An Evening with Pat Metheny: Local adds sinew to famous sound
AN EVENING WITH PAT METHENY ★★★★
State Theatre, March 8
Reviewed by JOHN SHAND
He doesn't call them bands, he calls them projects, and guitarist Pat Metheny has spent 44 years shaping them around specific compositional ideas and collective sounds. This project was different, again: a combination of players with whom to revisit some of the older material; the pieces that made him one of jazz's beloved acts across those 44 years. More recently this group has recorded one of Metheny's most ambitious albums, From This Place – to play which they needed an orchestra, so here they were tripping back down memory lane.
But the guitarist doesn't really deal in nostalgia – not when the alternative is unleashing the creativity of four exceptional musicians, with a brief of reimagining his pieces. And one of those musicians is Australian: bassist Linda May Han Oh. As many antipodean musicians know, making a dent in New York's jazz scene is as hard as denting a diamond. Only a handful have done more than survive. In touring her homeland as a member of Metheny's band, Oh has made as big an impression as any, and for good reason: she shone, even in this company. Her soloing could be potent, lyrical, poignant or even profound, and with drummer Antonio Sanchez she provided ample ignition for Metheny.

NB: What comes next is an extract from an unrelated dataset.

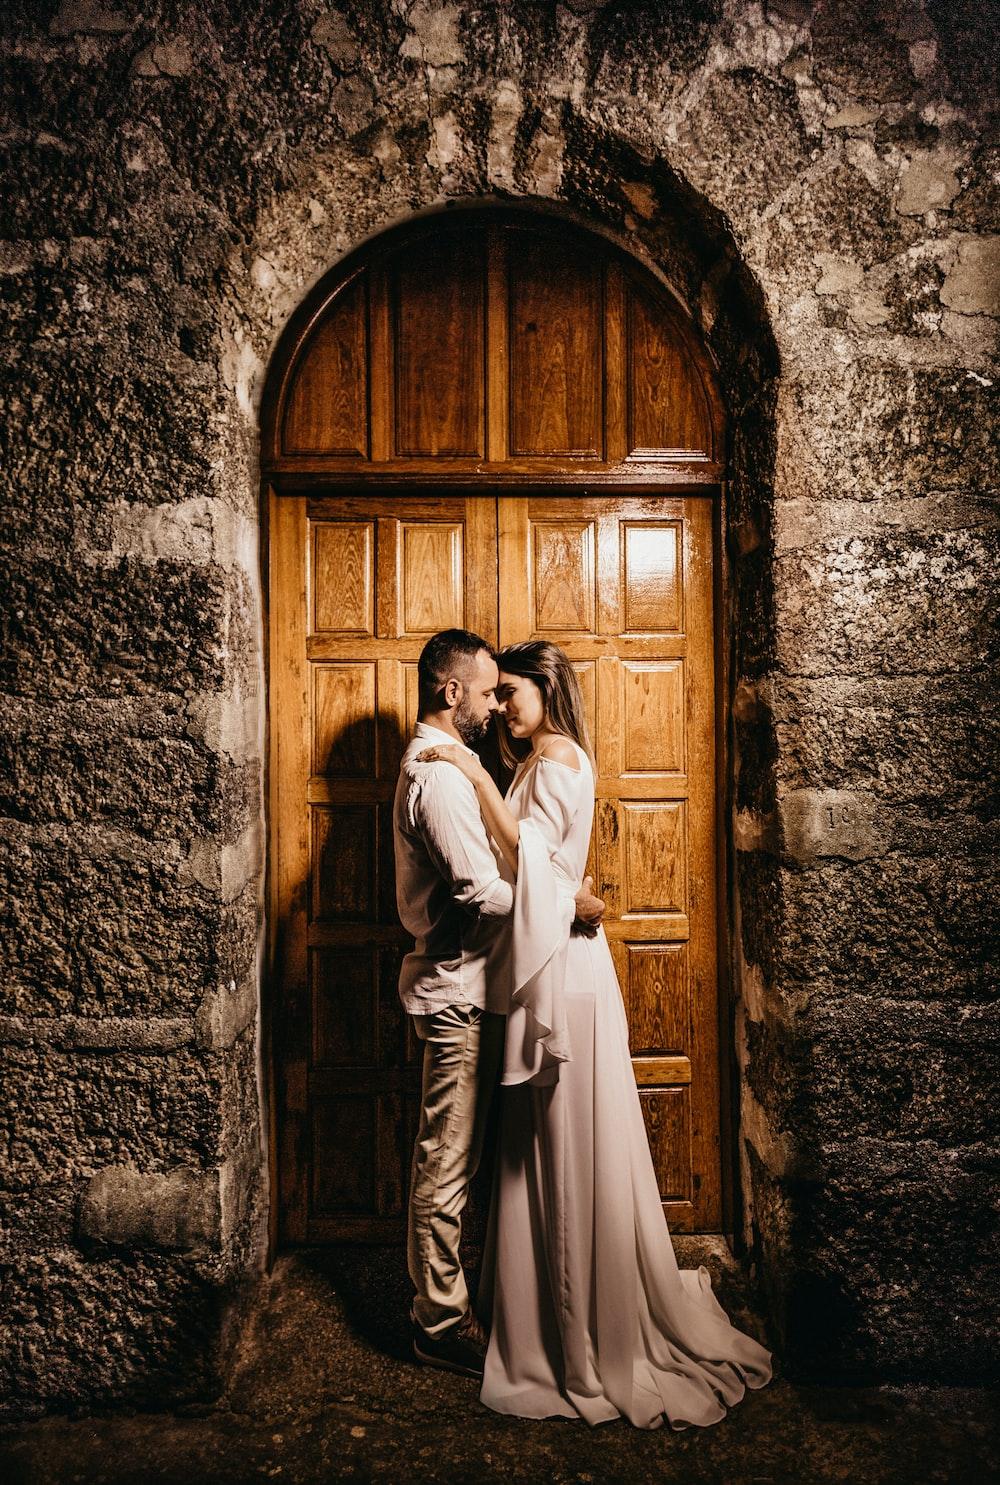 man and woman standing in front of wooden double door
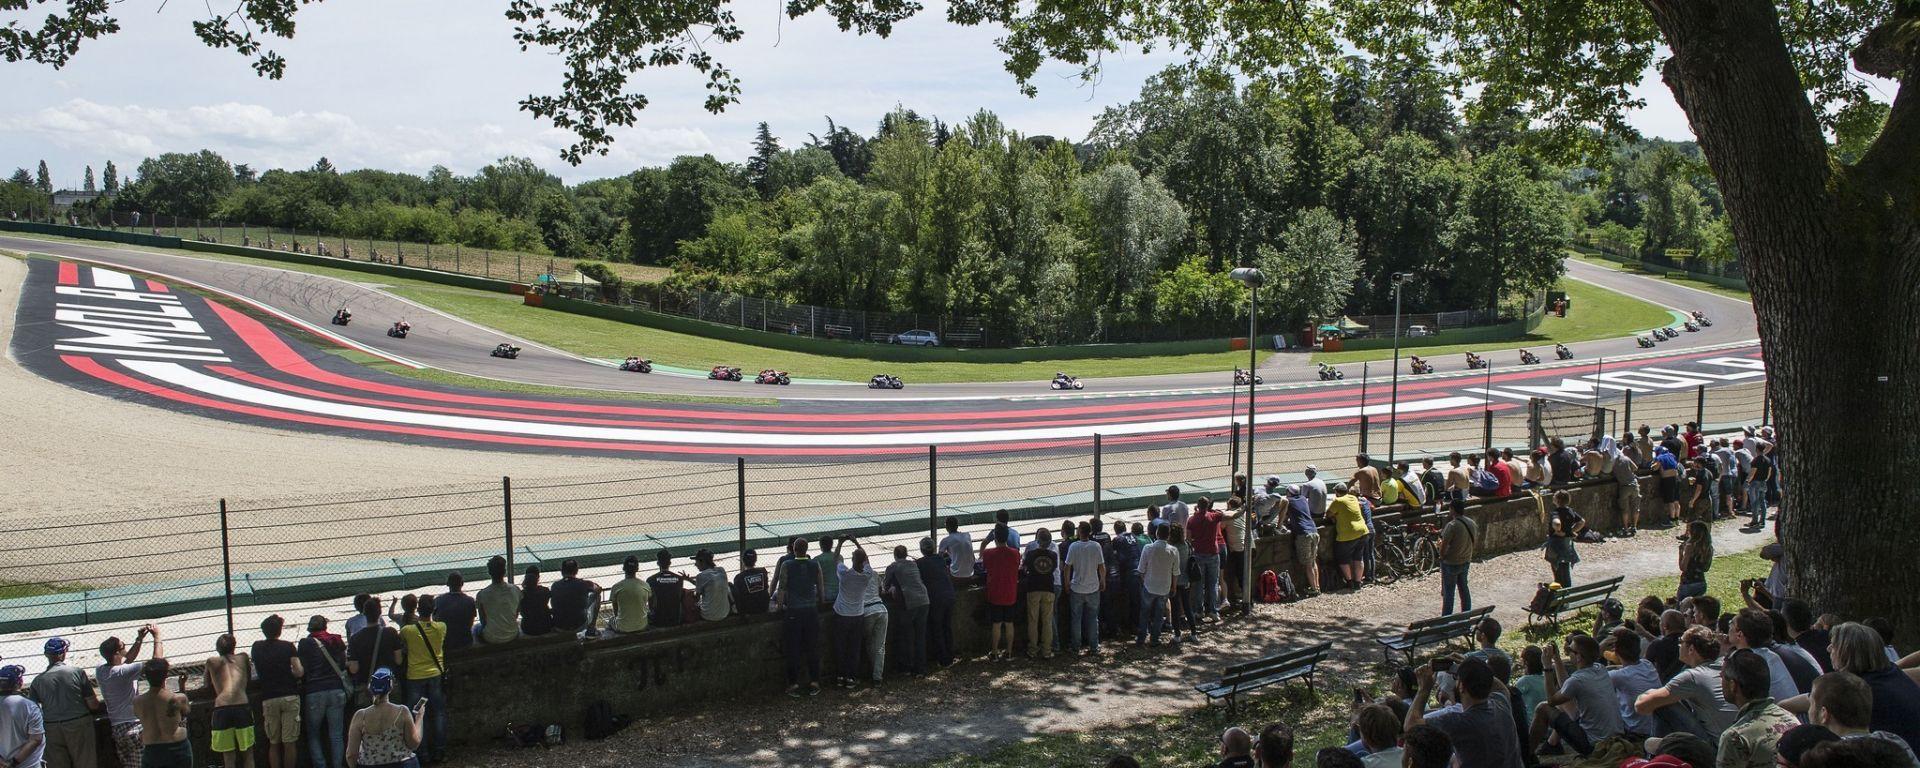 Superbike 2018 round 5 Imola: prove libere, qualifiche, Gara 1 e Gara 2

Pat Metheny revisited the material that made him one of jazz’s most beloved acts at his State Theatre show.Credit:Stuart McKay
When the guitarist almost instantly became a major force in his early 20s, it was partly because of how he roamed between Latin rhythms, free jazz, a mellifluous cousin of progressive rock and the lonesome sound of the country music native to his Missouri home state. And so this band was continuously shape-shifting the context in which we heard Metheny's singing lines and sweet, slightly anaemic electric guitar sound. Adding sinew, grit and an endless stream of surprises was Sanchez, among the most sophisticated drummers of all, whose invention and deftness become ever more startling. Pianist Gwilym Simcock played with extraordinary virtuosity, yet sometimes also with a breathlessness that seemed overbearing in the company of one as nuanced as Sanchez. He was not aided by his amplified grand piano sounding rather like an electronic keyboard.